Да, это правда, что, когда эти письма стали достоянием гласности, его уже сорок три года не было в живых, и все же первым побуждением, которое испытываешь — виной тому, должно быть, благоговение перед ним и его болью, — остается чувство неловкости и стыда. Я знаю людей, у которых это чувство по мере чтения писем росло, они не могли отделаться от ощущения, что именно в эту область им никак не следовало вторгаться.
Я их очень за это уважаю, но я не из их числа. Меня эти письма захватили так, как уже много лет не увлекало ни одно произведение словесности. И отныне они сами войдут в число тех неизгладимых мемуаров, автобиографий и эпистолярий, чтением которых Кафка столь часто поддерживал свои силы. Он, чьим первейшим, пожалуй, качеством была деликатность, тем не менее не стеснялся снова и снова заглядывать в письма Клейста, Флобера или Хеббеля. В одно из тягчайших мгновений своей жизни он, как утопающий за соломинку, хватается за мысль, что Грильпарцер ровным счетом ничего не испытал, когда наконец усадил Кати Фрёлих** к себе на колени. Против ужаса жизни, который большинством людей, по счастью, осознается лишь иногда, но немногими избранниками, которым волею глубинных сил назначено быть свидетелями, ощущается каждосекундно, есть только одно утешение: сопряженность с ужасом свидетелей-предшественников.
Так что мы и вправду должны быть благодарны Фелиции Бауэр за то, что она сохранила и спасла для нас эти адресованные ей письма, хоть и переступила через самое себя, решившись их продать.
Сказать о них «документ» — значит сказать слишком мало. Это слово годится разве лишь с оговоркой, что так же мы назовем и сокровеннейшие жизненные свидетельства Паскаля, Кьеркегора и Достоевского. Что до меня, то могу сказать лишь одно: в меня эти письма вошли как некая особая, своя жизнь и отныне стали мне такими родными во всей своей загадочности, словно принадлежат мне давным-давно, с той поры, как я пытаюсь вбирать в себя людей целиком, дабы снова и снова постигать их во всей их непостижимости…
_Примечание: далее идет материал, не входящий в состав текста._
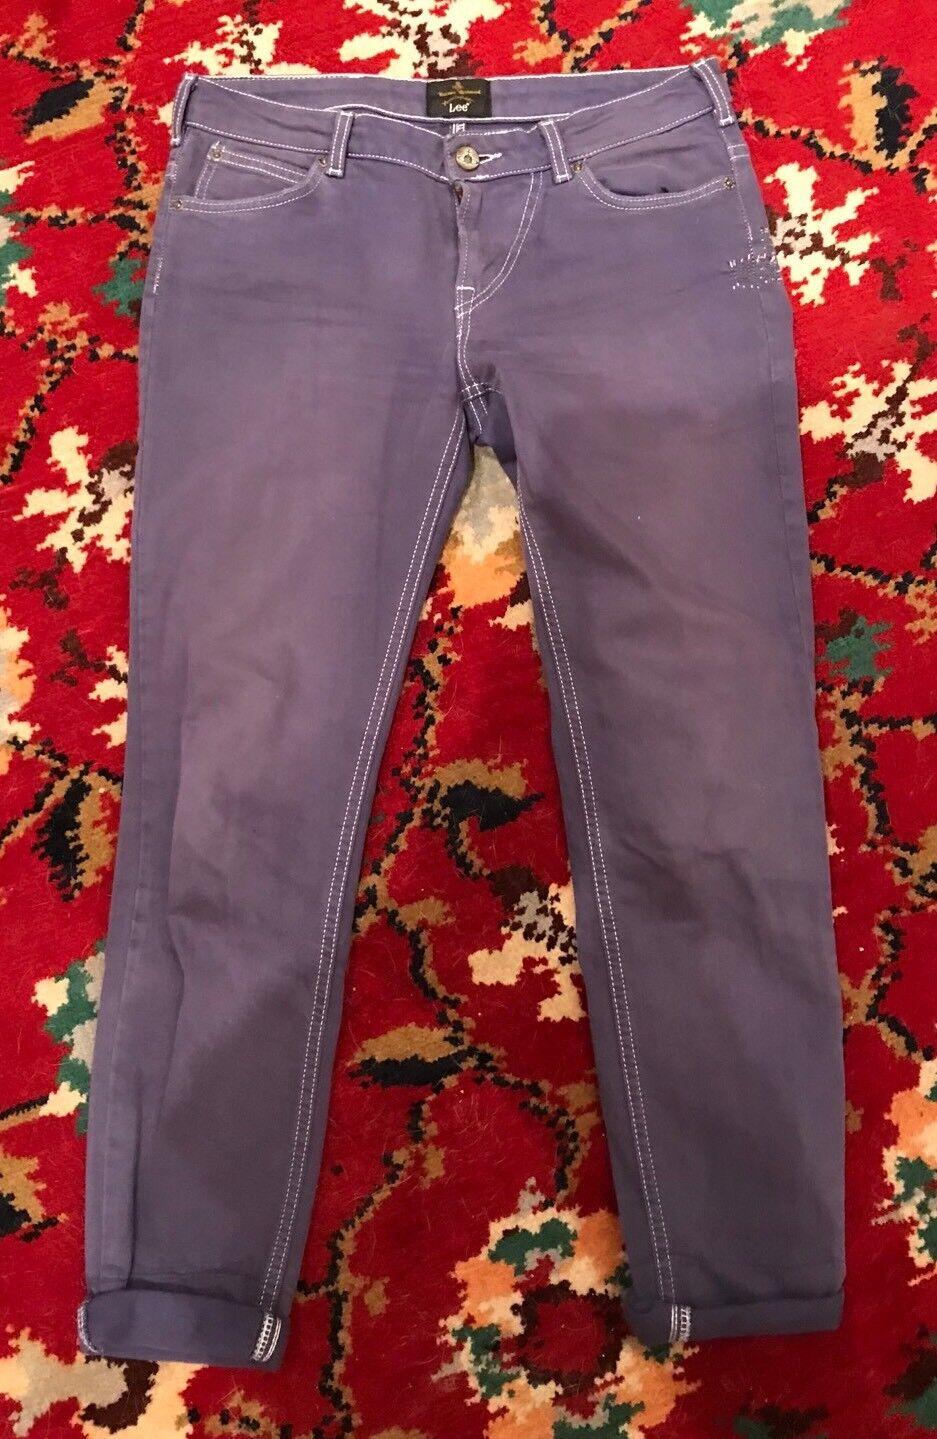 Vivienne Westwood Purple Skinny Jeans Size 28

Поздним вечером 13 августа 1912 года на квартире у Бродов*** Кафка познакомился с Фелицией Бауэр****. Имеется несколько его высказываний об этой встрече. Первое упоминание обнаруживается в письме Максу Броду от 14 августа. Речь идет о рукописи «Созерцания»*****, которую он накануне принес Броду, чтобы вместе с другом придать ей окончательный вид.
«Вчера, когда мы из кусочков сооружали целое, я был под сильным влиянием той девушки и легко допускаю, что из-за этого вышла какая-нибудь несуразица, какая-нибудь скрытая, непредусмотренная и непреднамеренная странность в расположении частей». Он просит Брода просмотреть все еще раз и заранее его благодарит. День спустя, 15 августа, в дневнике появляется вот какая фраза: «Много думал… ну что за нерешительность при написании имен… — о Ф. Б.».
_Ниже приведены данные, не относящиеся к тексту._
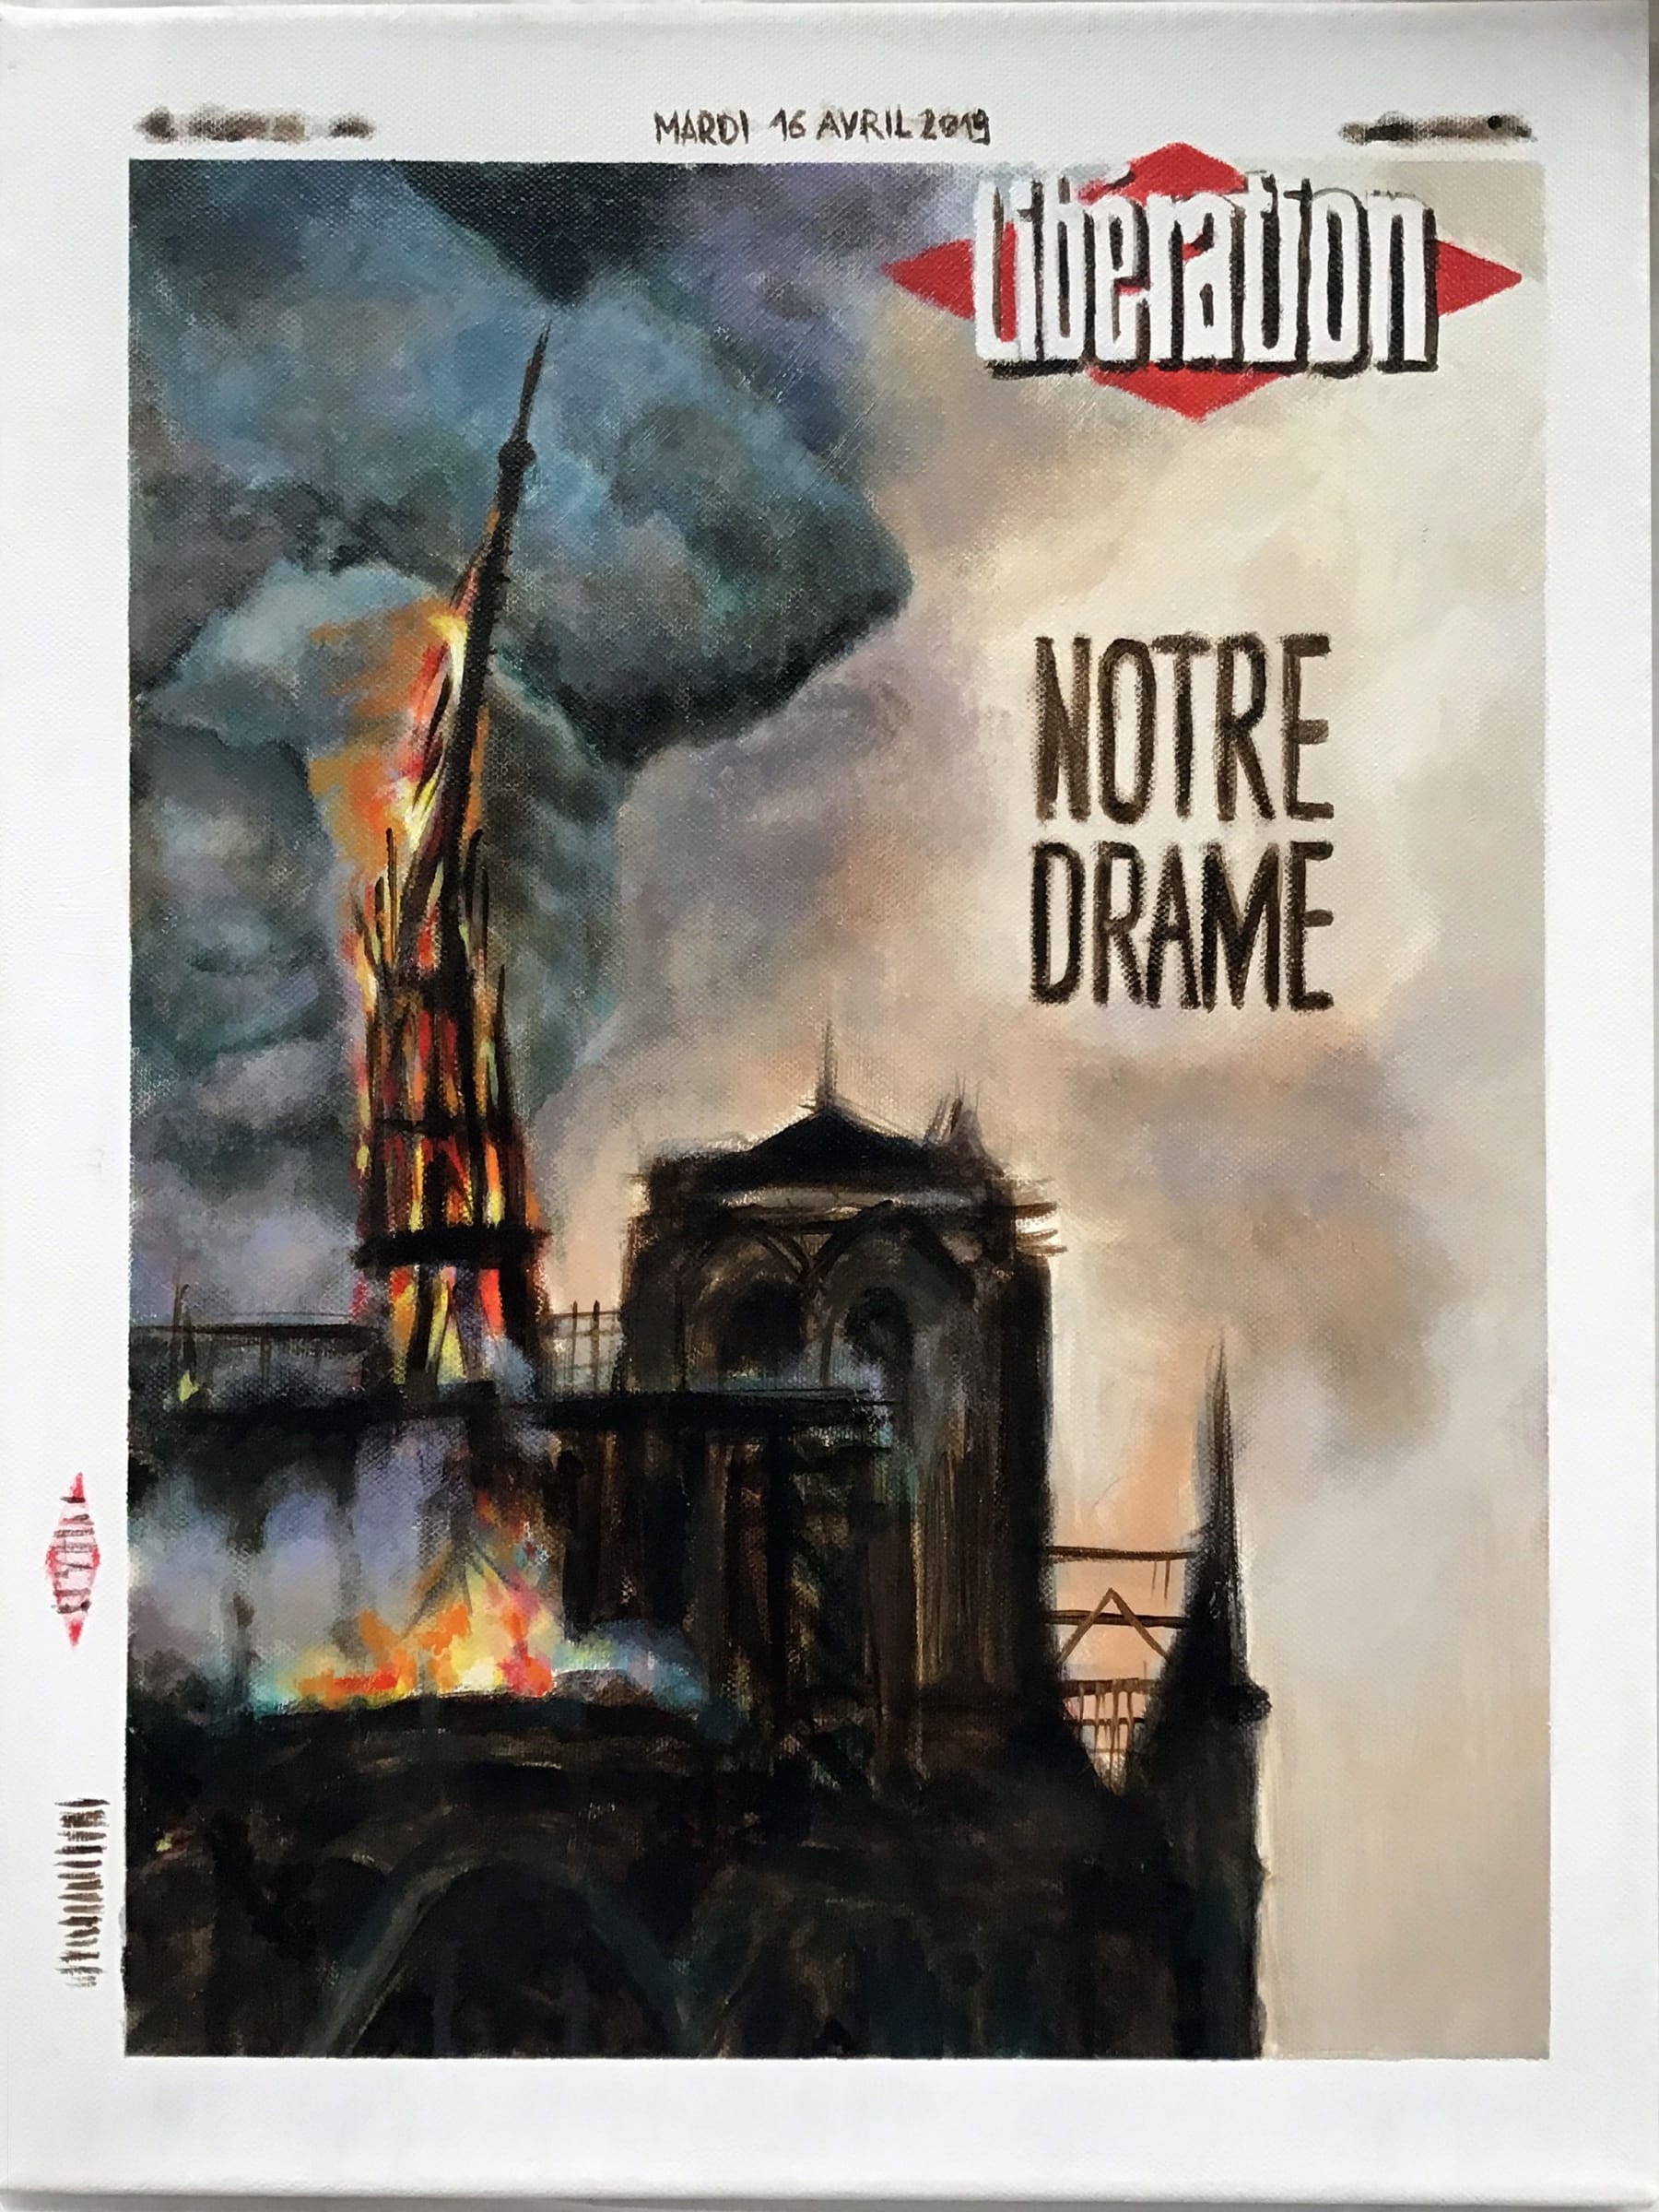 "<span class=""link fancybox-details-link""><a href=""/exhibitions/91/works/artworks11241/"">View Detail Page</a></span><div class=""artist""><strong>Filip MARKIEWICZ</strong></div><div class=""title""><em>Notre Libération</em>, 2019</div><div class=""signed_and_dated"">Signed & dated</div><div class=""medium"">Oil on canvas</div><div class=""dimensions"">56 x 41 cm<br>22 1/8 x 16 1/8 in</div>"

Потом, 20 августа, через неделю после встречи, он пытается дать объективную зарисовку первого впечатления. Он описывает внешность девушки и чувствует, что как бы слегка отчуждается от нее как раз потому, что в этой зарисовке «подступает к ней слишком назойливо». Он счел вполне естественным, что она, незнакомка, оказалась в этом обществе. Он как-то тотчас же с нею свыкся. «Усаживаясь, я впервые как следует на нее взглянул, а когда сел, у меня уже было о ней неколебимое суждение». На середине следующей фразы запись обрывается. Все более важное осталось недописанным, а сколько всего осталось недописанным, выяснится лишь позже, со временем.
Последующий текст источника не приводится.